[DATA PROVIDED]

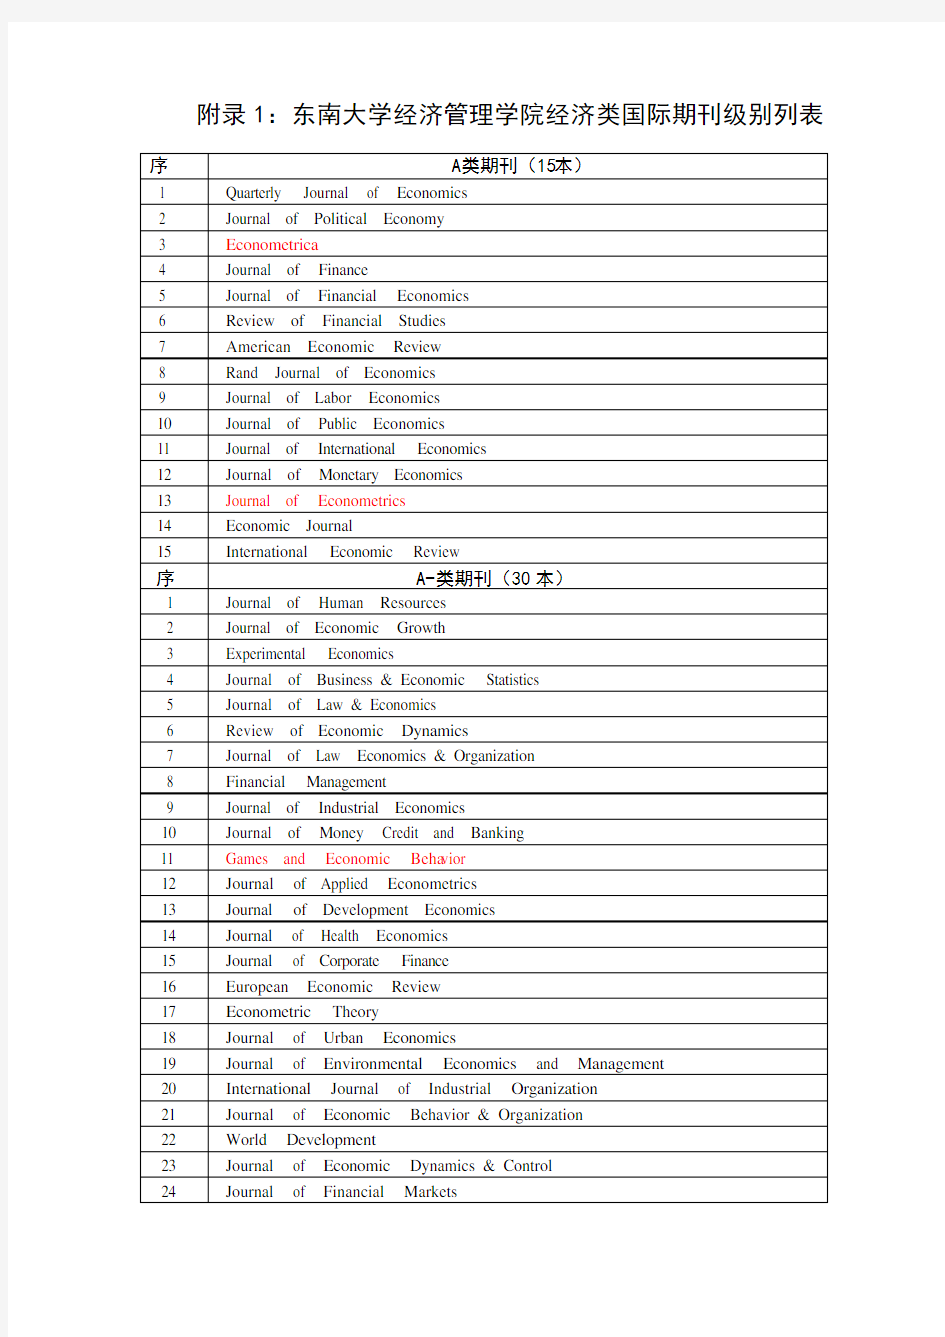 附录1：东南大学经济管理学院国际期刊级别列表标注
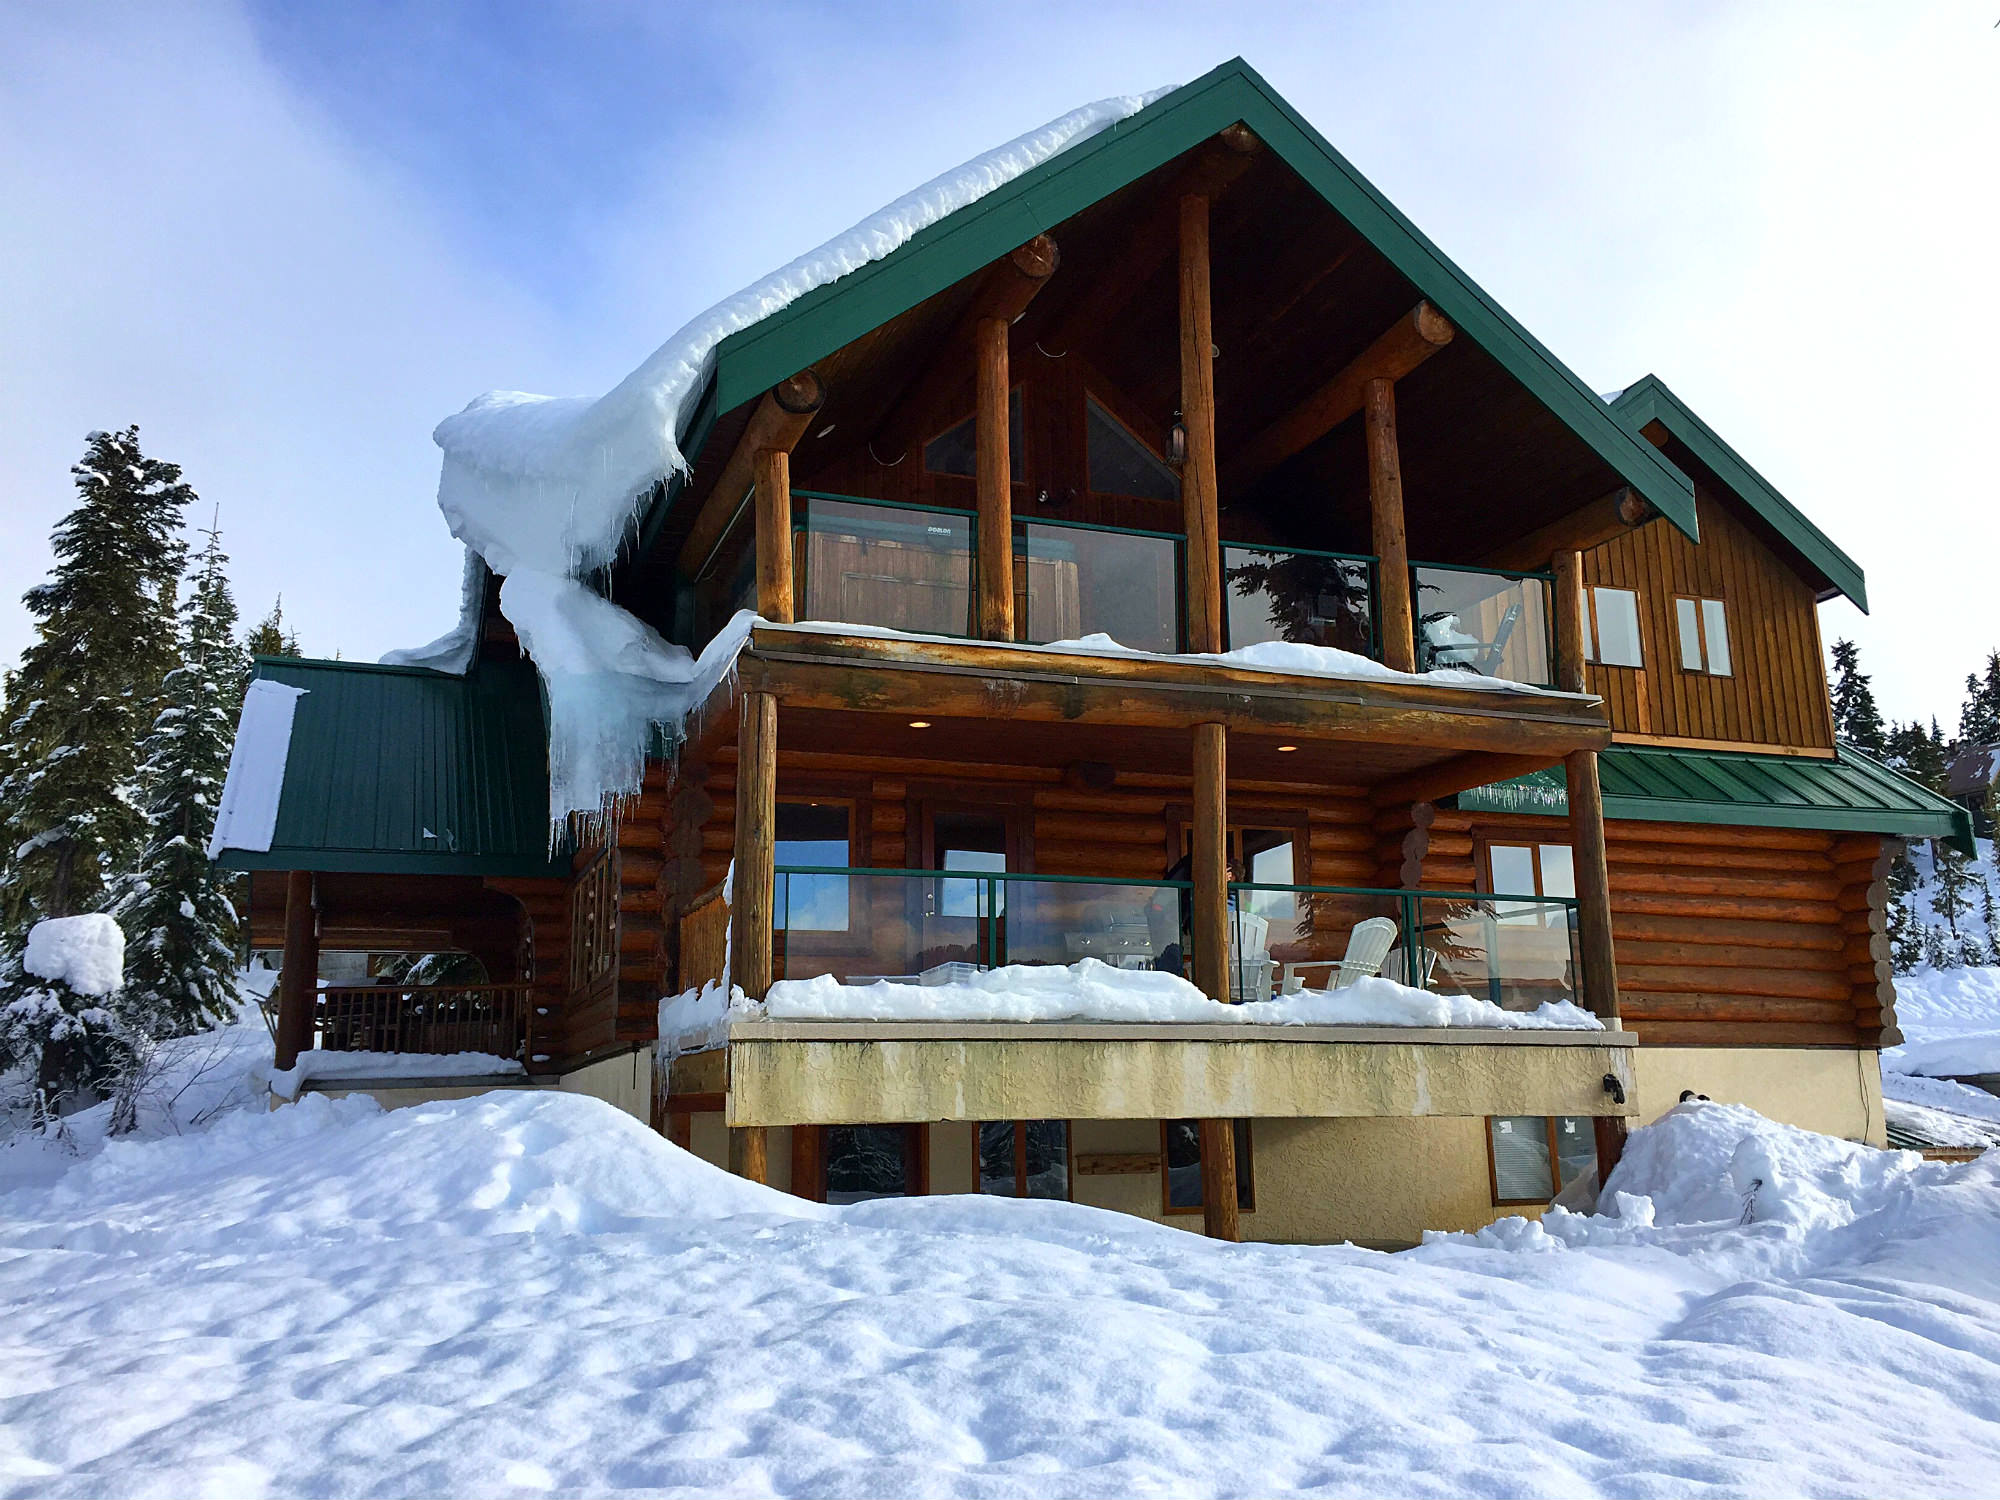 Mount Washington Accommodations, Wintergreen Lodge, where to stay on Mount Washington, where to stay on Mount Washington Alpine Resort
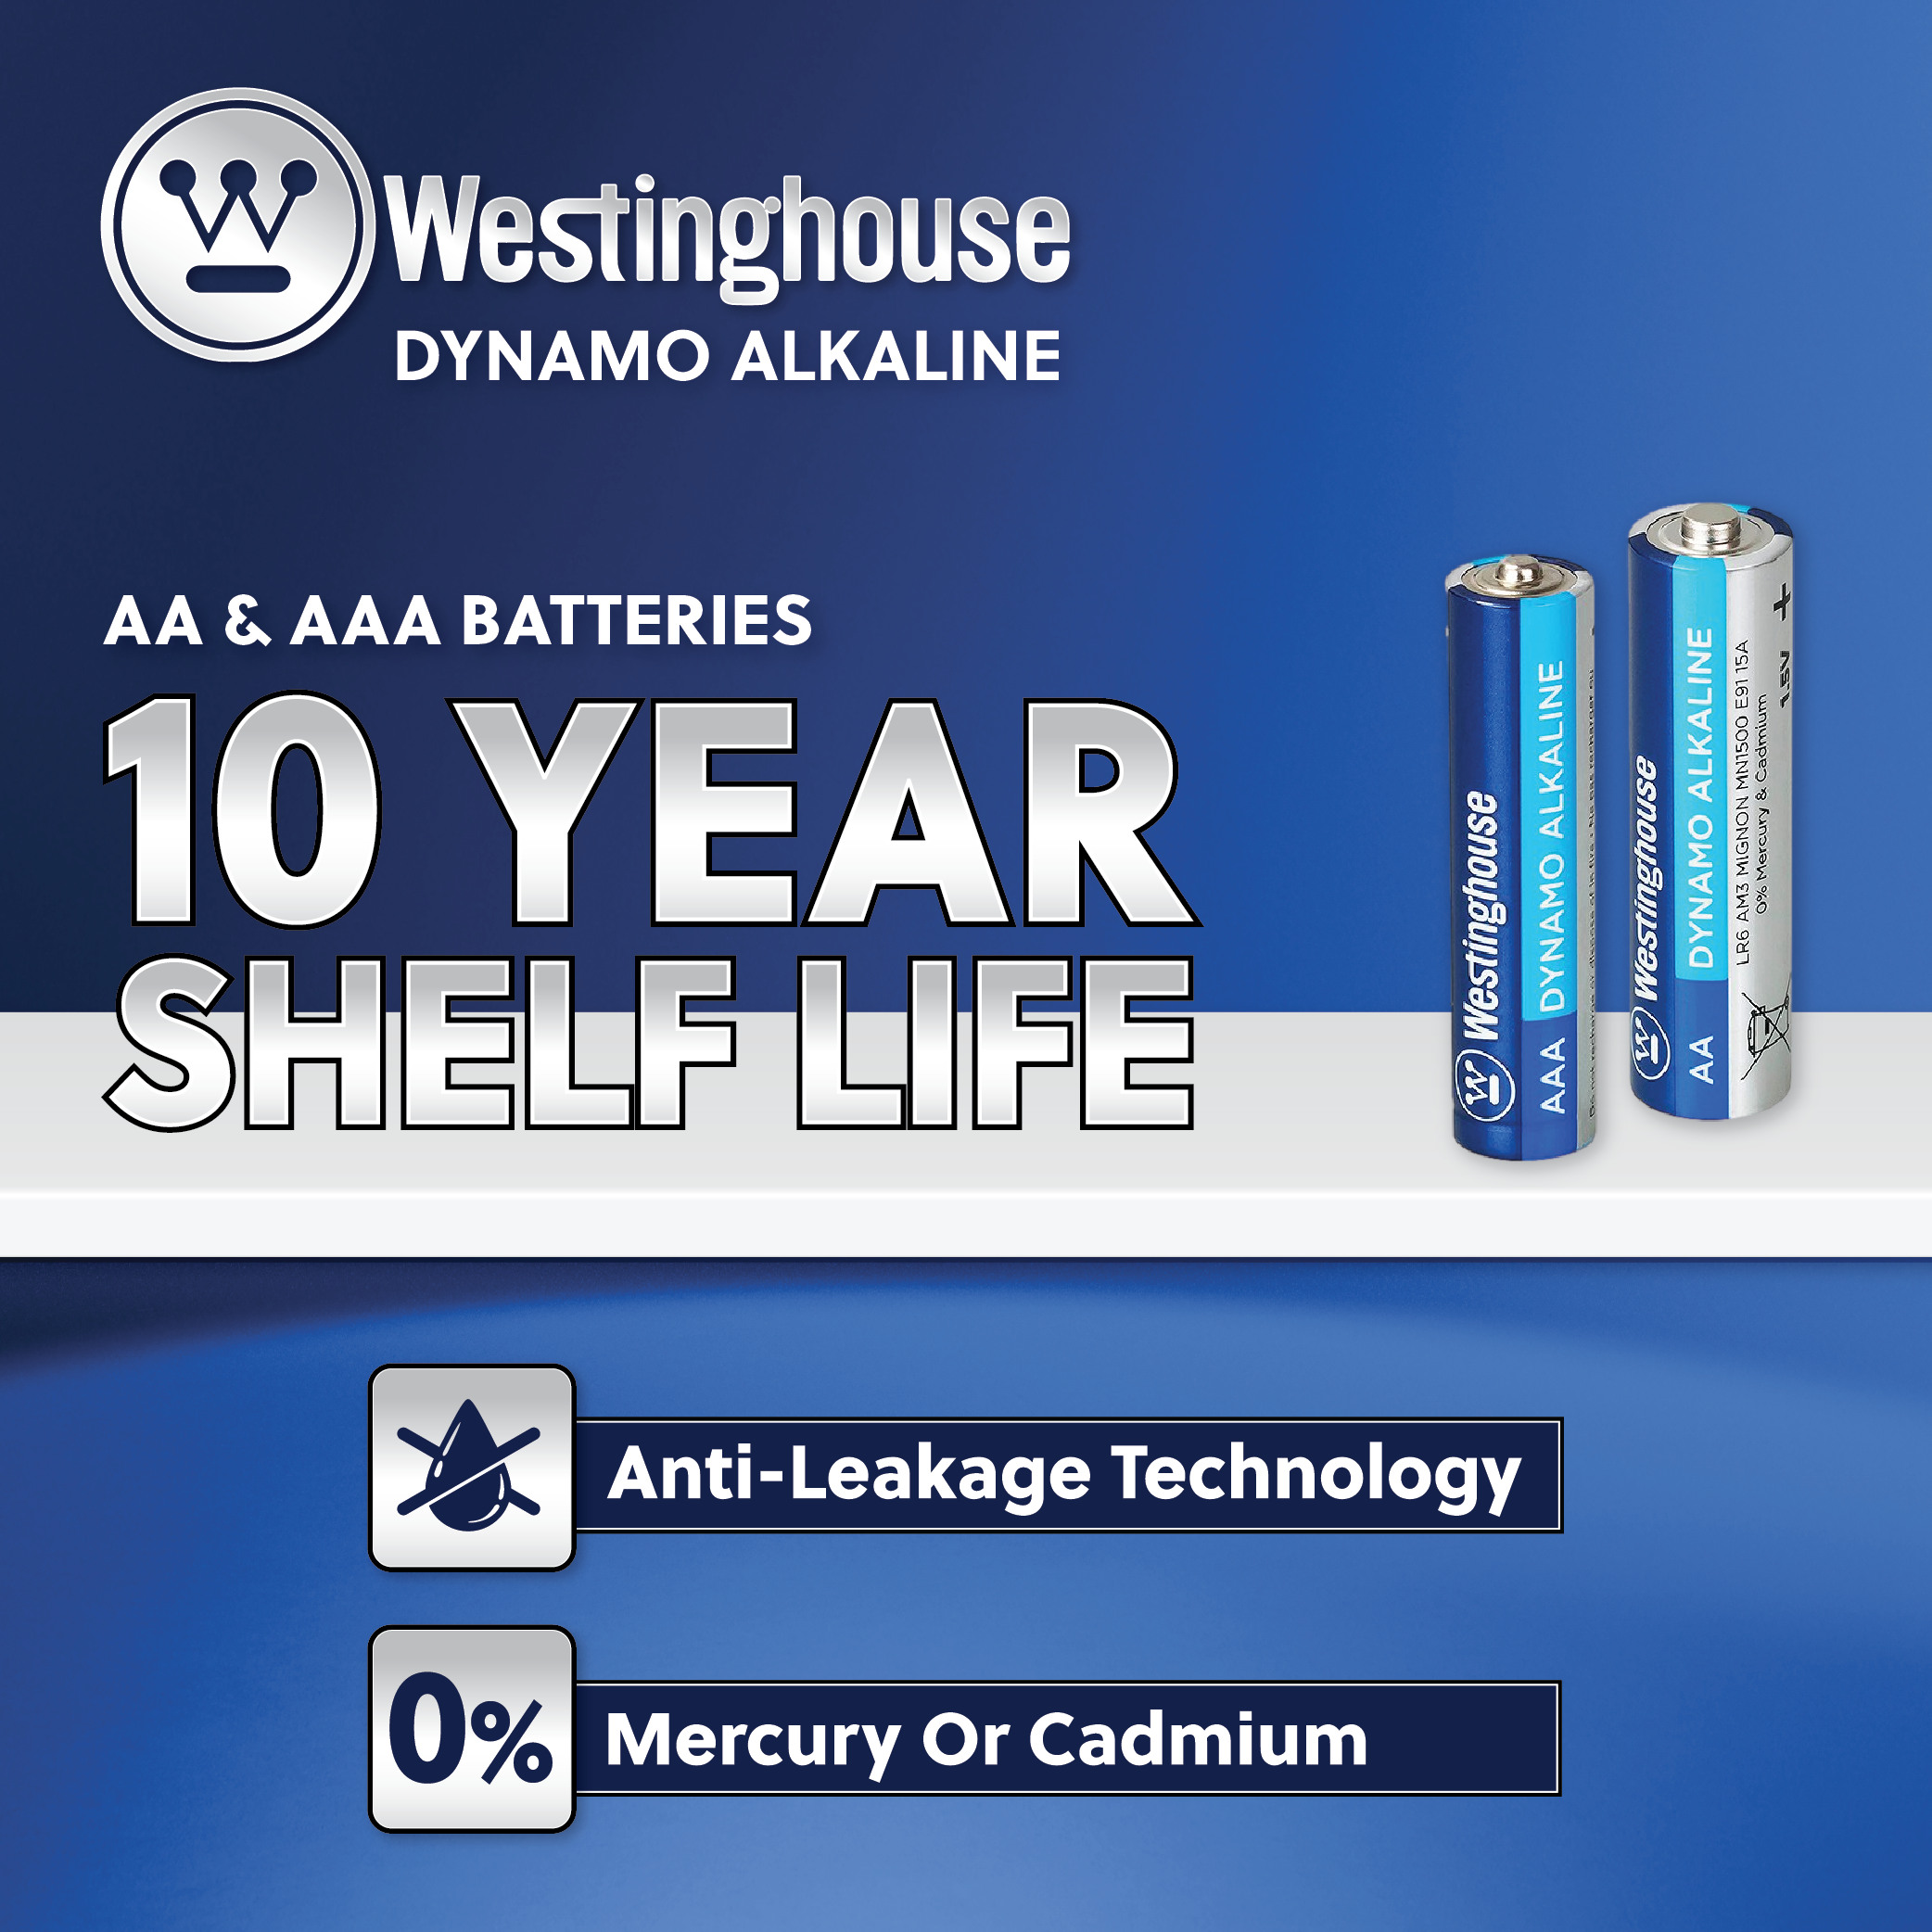 Westinghouse AAA Dynamo Alkaline
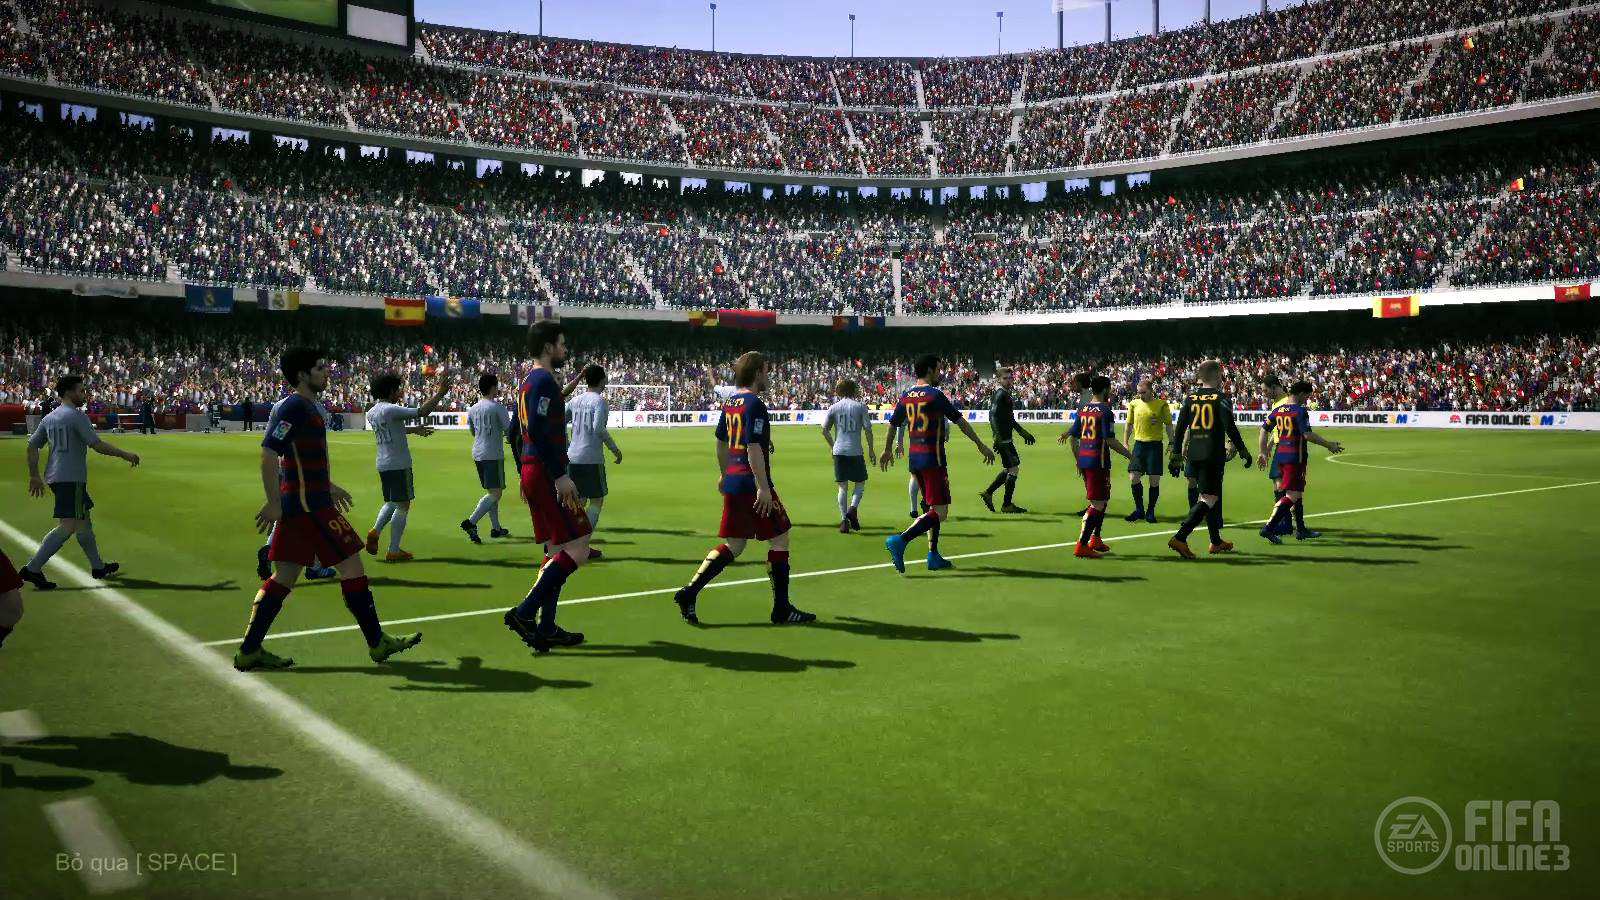 FIFA Online 3: Hàn Quốc một lần nữa cập nhật Engine, sức mạnh sẽ lên ngôi?

[/DATA PROVIDED]

- _WHAT TO PRODUCE_:
Please give again only those lines that run from the one containing "Westinghouse AAA Dynamo Alkaline" through the final line of the listing, both included, exactly as written and without pictures.

- _SOLUTION FOR THIS TASK_:
 Westinghouse AAA Dynamo Alkaline
 FIFA Online 3: Hàn Quốc một lần nữa cập nhật Engine, sức mạnh sẽ lên ngôi?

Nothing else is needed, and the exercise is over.